Blair remained behind at the hotel to grieve. It was announced that he had withdrawn from the match, and flags at the ground were lowered to half-mast.
But Blair appeared out of the players’ tunnel after New Zealand lost their ninth wicket for 154 in the first innings, which left the players and the crowd at Ellis Park stunned. Along with Bert Sutcliffe, he put up a 33-run stand to drag New Zealand to 187. It remains one of the most defining moments in New Zealand sporting history.
“The background to this Test match is one of the most sad and moving and heart-breaking stories imaginable,” NZC chief executive Scott Weenink said. “It’s also an uplifting story of incredible courage and resilience, and in terms of the South African team and public, great compassion and empathy. I’m delighted to see this very important part of cricket history properly recognised and acknowledged.”
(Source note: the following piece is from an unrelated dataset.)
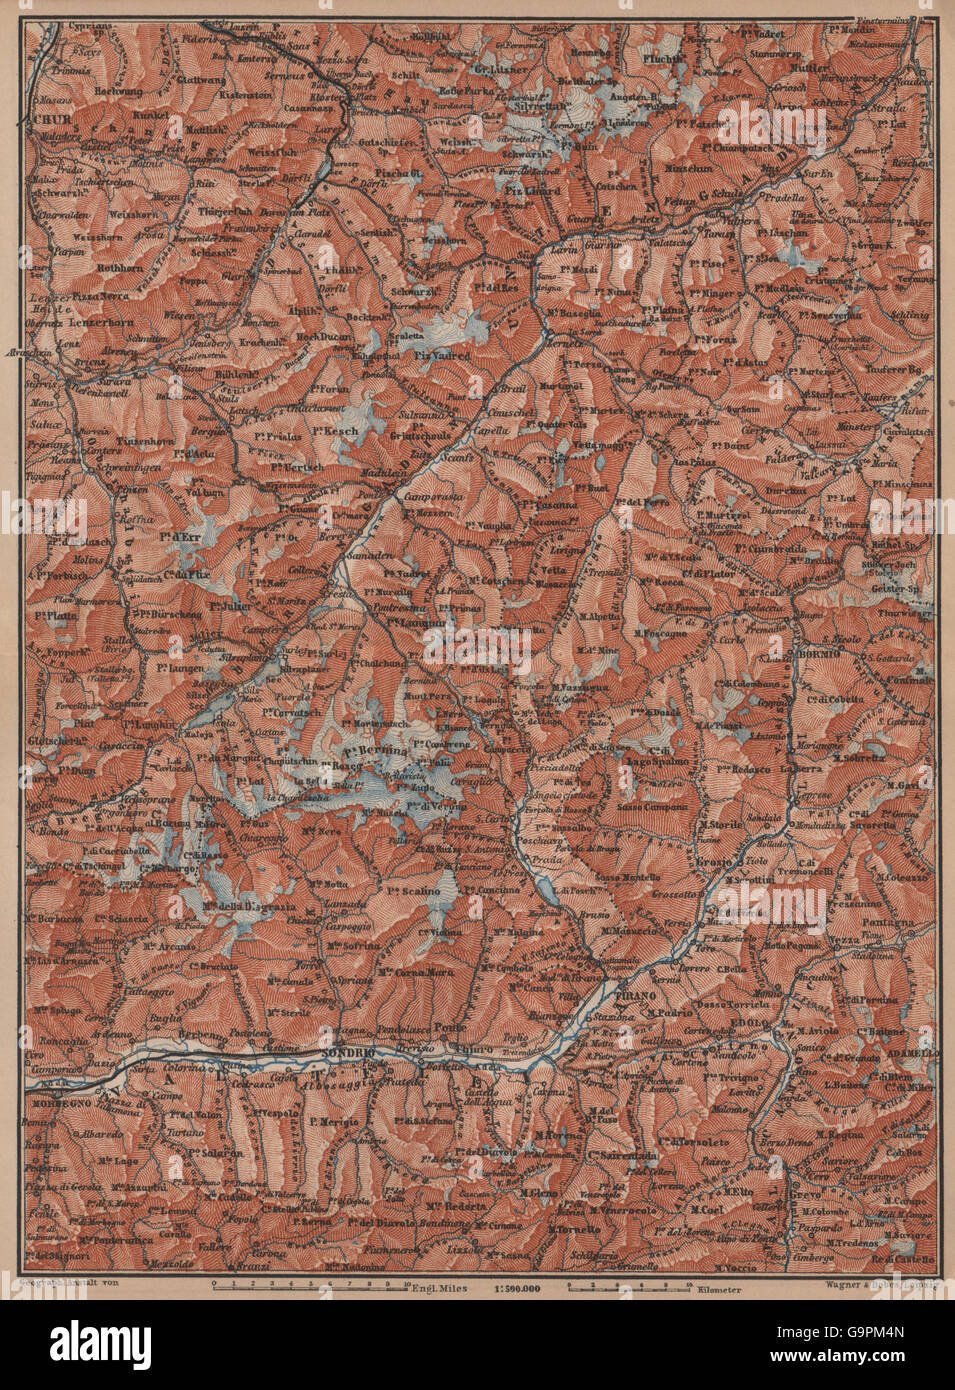 ENGADINE/VAL TELLINA. Davos Arosa Sils Bormio Livigno Sondrio Chur, 1899 map Stock Photo

The Shield was created by carver David Ngawati (Ngati Hine), is made from the native New Zealand timber puriri, and includes an inlaid mere made from pounamu, a type of stone sourced from the Tangiwai region. An NZC release said that the shield will be blessed and presented to the teams in Tauranga today.
CSA chief executive Pholetsi Moseki said, “On behalf of CSA, I send my best wishes to everyone who was touched by this tragedy, and to both teams contesting the inaugural trophy. It’s important that the teams of today and tomorrow know where they came from, and I’m sure the Tangiwai Shield will do much to assist with that.”